## WORK ORDER
Below are entries; copy exactly the lines from the one with "Bracelete de flor" through the one with "Malerische Herbstlandschaft von", both included, and leave out the rest.

==== EXERCISE INPUT

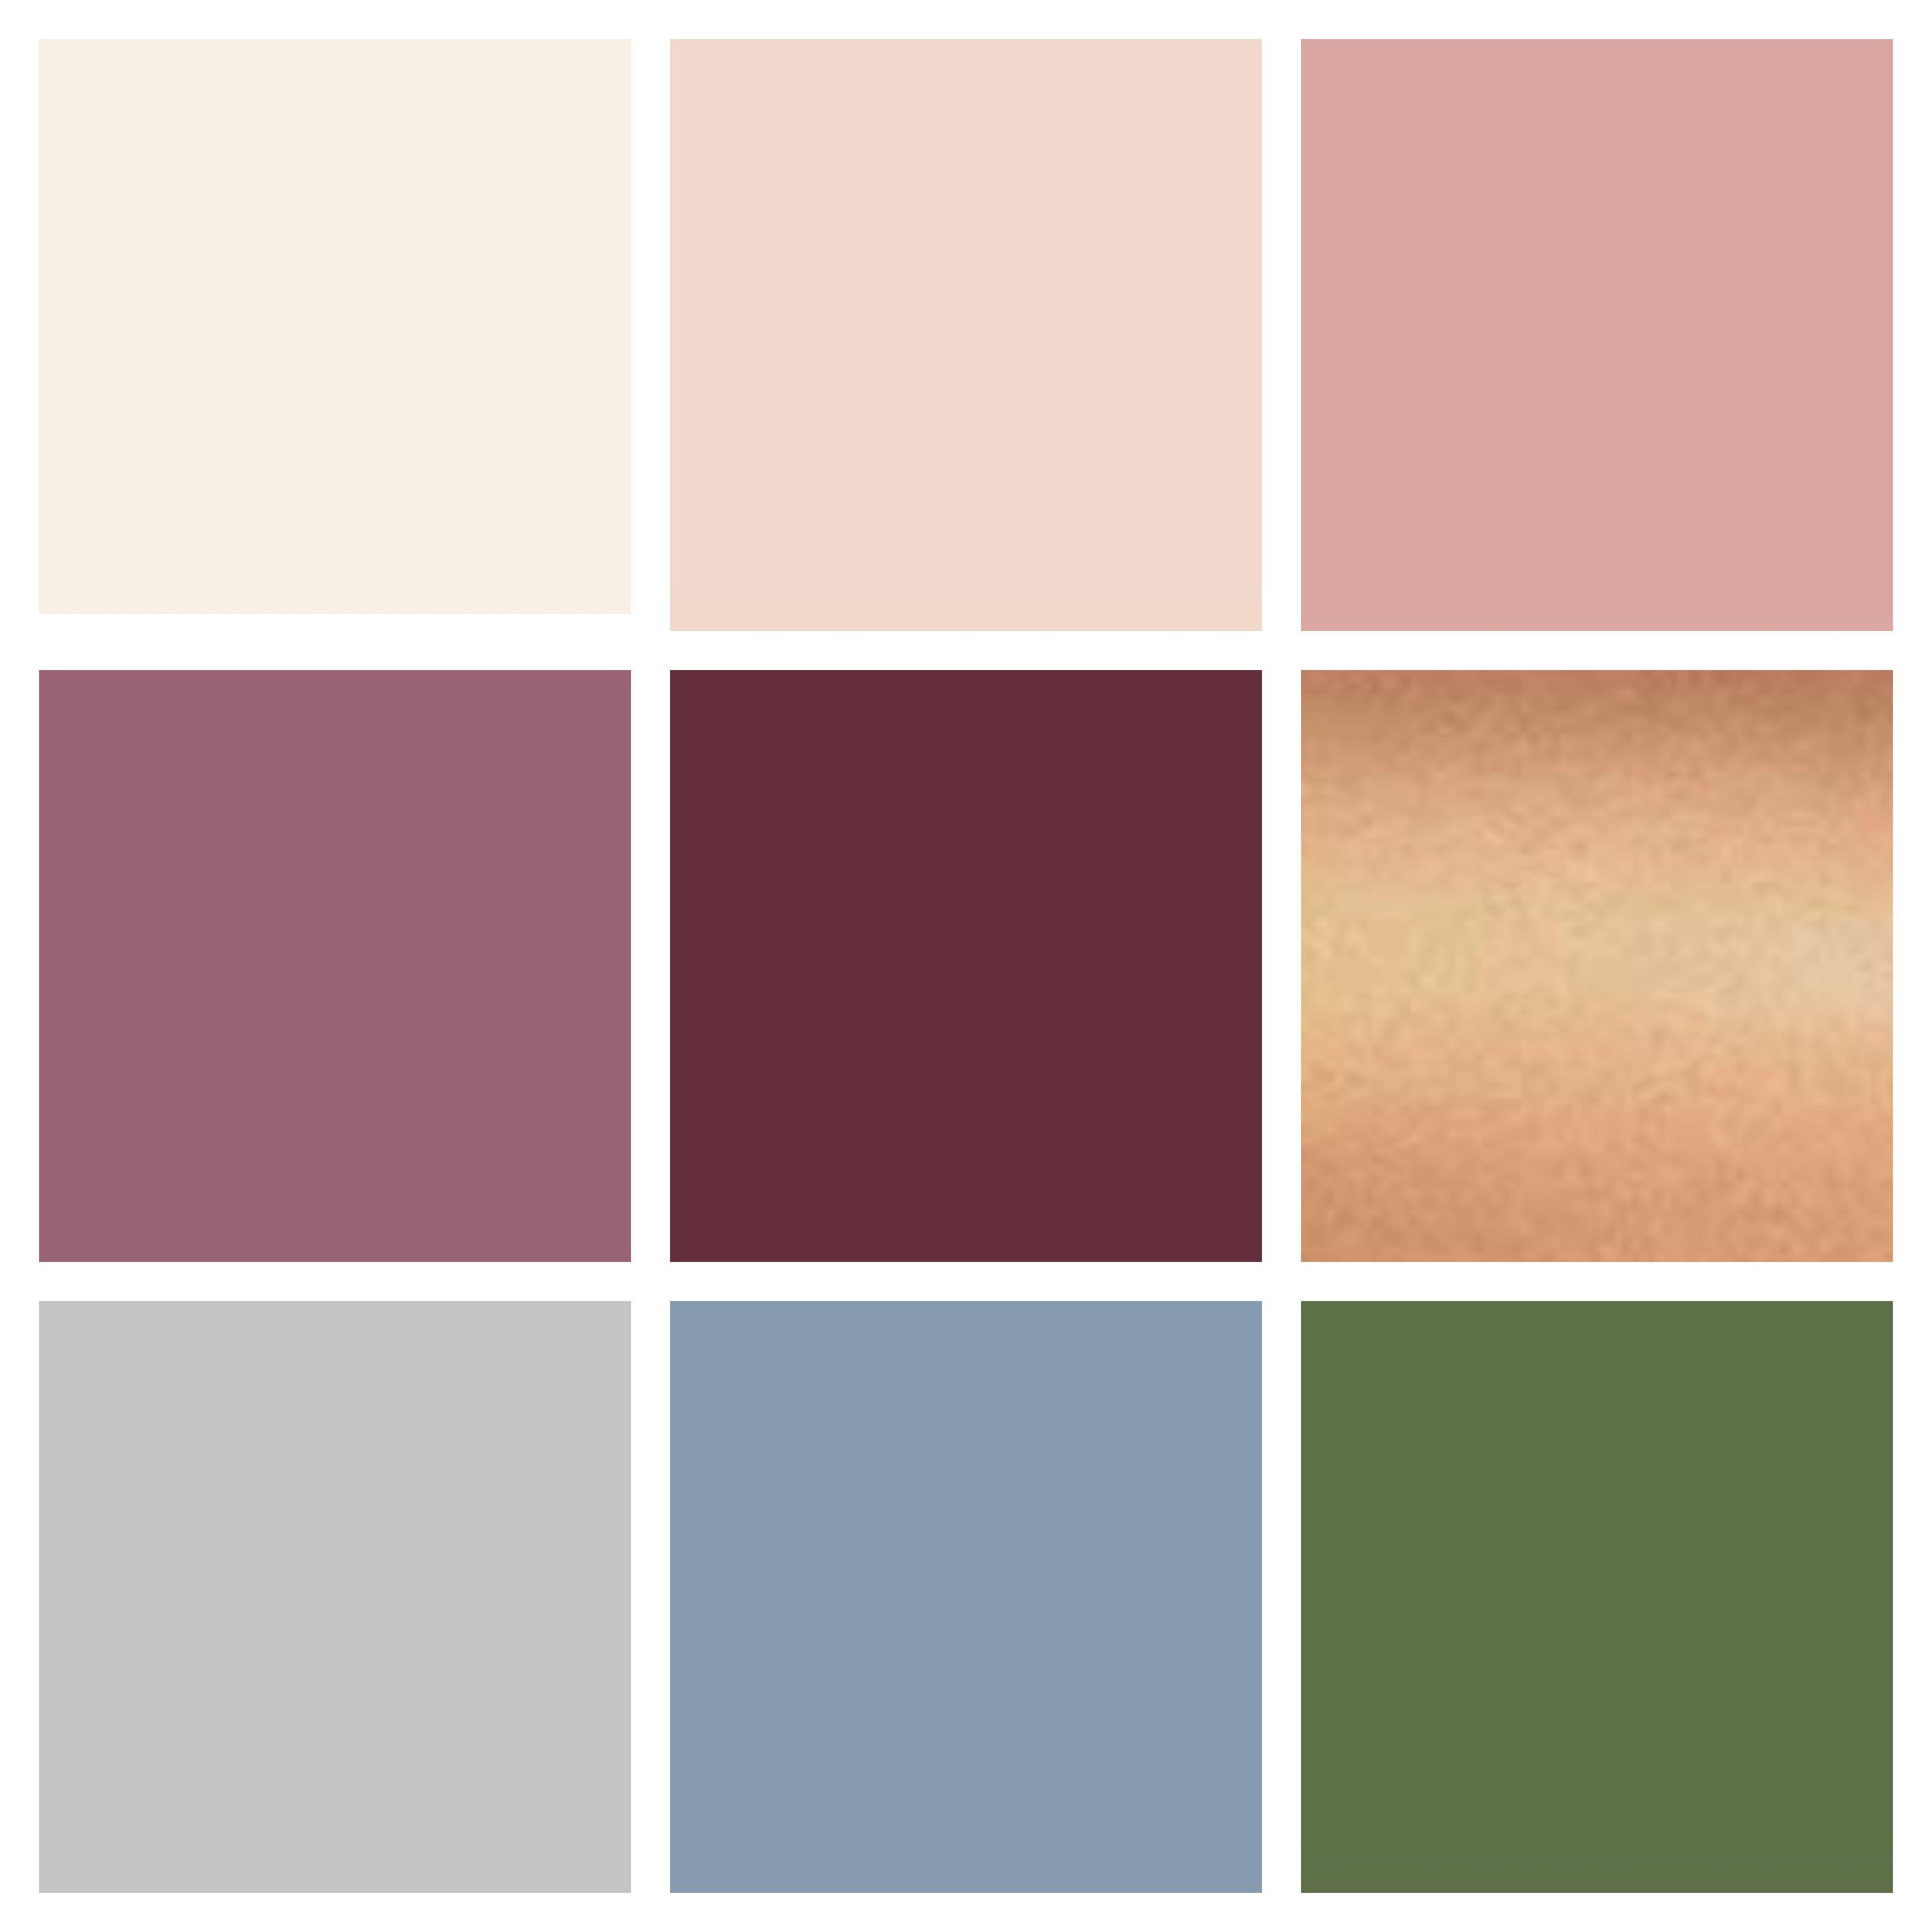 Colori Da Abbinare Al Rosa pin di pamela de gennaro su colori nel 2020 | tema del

========
==== EXERCISE INPUT

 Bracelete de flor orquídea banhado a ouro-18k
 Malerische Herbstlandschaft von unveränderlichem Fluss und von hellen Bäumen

========
==== EXERCISE INPUT

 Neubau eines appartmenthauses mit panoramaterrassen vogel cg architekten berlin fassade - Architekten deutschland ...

========

## OUTPUT FOR THIS EXERCISE
 Bracelete de flor orquídea banhado a ouro-18k
 Malerische Herbstlandschaft von unveränderlichem Fluss und von hellen Bäumen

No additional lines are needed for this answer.